Records excerpted from a collection:
· · · ·

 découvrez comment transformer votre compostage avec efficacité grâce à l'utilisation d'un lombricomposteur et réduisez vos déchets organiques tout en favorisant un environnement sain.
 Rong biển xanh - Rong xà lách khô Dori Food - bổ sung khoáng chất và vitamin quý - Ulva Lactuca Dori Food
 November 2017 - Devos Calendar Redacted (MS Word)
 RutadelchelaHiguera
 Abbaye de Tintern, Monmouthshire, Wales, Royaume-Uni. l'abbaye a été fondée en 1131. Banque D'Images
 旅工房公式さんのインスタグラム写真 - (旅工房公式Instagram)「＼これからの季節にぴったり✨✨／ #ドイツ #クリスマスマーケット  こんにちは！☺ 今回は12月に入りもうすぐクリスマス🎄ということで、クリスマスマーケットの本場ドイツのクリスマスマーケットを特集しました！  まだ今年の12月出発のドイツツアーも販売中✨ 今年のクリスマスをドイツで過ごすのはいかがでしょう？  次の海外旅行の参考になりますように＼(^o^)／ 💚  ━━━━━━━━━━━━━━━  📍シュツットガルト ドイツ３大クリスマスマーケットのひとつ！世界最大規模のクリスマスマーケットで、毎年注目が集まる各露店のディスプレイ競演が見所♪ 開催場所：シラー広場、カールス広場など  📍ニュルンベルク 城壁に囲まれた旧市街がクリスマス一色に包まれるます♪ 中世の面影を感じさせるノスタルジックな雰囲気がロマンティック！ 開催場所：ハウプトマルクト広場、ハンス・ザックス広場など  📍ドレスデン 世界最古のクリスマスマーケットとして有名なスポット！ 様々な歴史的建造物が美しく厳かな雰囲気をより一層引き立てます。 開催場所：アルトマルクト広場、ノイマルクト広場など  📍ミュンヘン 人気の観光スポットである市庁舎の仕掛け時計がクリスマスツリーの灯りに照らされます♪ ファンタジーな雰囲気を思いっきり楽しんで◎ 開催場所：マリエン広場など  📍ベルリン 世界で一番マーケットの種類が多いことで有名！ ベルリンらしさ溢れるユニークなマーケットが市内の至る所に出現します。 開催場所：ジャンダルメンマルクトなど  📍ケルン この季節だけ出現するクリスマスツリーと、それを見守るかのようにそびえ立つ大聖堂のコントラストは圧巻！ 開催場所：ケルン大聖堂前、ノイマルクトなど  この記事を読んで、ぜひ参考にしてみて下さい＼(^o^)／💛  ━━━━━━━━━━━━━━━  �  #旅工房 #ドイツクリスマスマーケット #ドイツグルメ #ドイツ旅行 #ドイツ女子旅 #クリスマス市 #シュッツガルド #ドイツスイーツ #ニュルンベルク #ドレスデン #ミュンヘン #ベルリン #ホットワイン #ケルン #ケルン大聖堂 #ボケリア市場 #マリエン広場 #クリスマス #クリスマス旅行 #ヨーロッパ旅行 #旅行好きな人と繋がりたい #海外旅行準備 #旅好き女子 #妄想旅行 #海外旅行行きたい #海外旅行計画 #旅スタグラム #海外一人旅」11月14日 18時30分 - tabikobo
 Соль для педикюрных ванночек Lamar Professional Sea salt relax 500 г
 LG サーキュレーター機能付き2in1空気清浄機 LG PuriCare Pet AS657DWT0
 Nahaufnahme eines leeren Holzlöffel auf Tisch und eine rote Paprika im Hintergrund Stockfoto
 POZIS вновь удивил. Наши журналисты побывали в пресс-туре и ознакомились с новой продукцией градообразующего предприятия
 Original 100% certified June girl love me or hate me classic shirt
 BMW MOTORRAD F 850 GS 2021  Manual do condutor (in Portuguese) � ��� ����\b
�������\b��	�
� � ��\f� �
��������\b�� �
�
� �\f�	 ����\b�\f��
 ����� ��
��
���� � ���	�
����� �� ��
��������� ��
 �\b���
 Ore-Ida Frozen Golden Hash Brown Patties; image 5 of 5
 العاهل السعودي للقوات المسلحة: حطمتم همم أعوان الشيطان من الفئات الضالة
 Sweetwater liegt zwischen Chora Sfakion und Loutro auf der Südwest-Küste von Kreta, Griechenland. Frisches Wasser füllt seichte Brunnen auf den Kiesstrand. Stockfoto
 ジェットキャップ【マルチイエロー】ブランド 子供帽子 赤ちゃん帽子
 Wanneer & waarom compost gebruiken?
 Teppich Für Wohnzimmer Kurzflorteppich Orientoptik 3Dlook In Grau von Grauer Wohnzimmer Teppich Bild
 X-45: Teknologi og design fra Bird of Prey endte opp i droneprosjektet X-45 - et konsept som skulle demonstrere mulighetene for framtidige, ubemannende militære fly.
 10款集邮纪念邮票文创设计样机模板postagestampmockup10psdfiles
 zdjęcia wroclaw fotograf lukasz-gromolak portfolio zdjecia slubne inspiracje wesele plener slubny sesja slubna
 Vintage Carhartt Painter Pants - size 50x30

· · · ·

Set down verbatim only the lines between the start of the data above and the line with "Abbaye de Tintern, Monmouthshire, Wales, Royaume-Uni.", both boundaries included.

 découvrez comment transformer votre compostage avec efficacité grâce à l'utilisation d'un lombricomposteur et réduisez vos déchets organiques tout en favorisant un environnement sain.
 Rong biển xanh - Rong xà lách khô Dori Food - bổ sung khoáng chất và vitamin quý - Ulva Lactuca Dori Food
 November 2017 - Devos Calendar Redacted (MS Word)
 RutadelchelaHiguera
 Abbaye de Tintern, Monmouthshire, Wales, Royaume-Uni. l'abbaye a été fondée en 1131. Banque D'Images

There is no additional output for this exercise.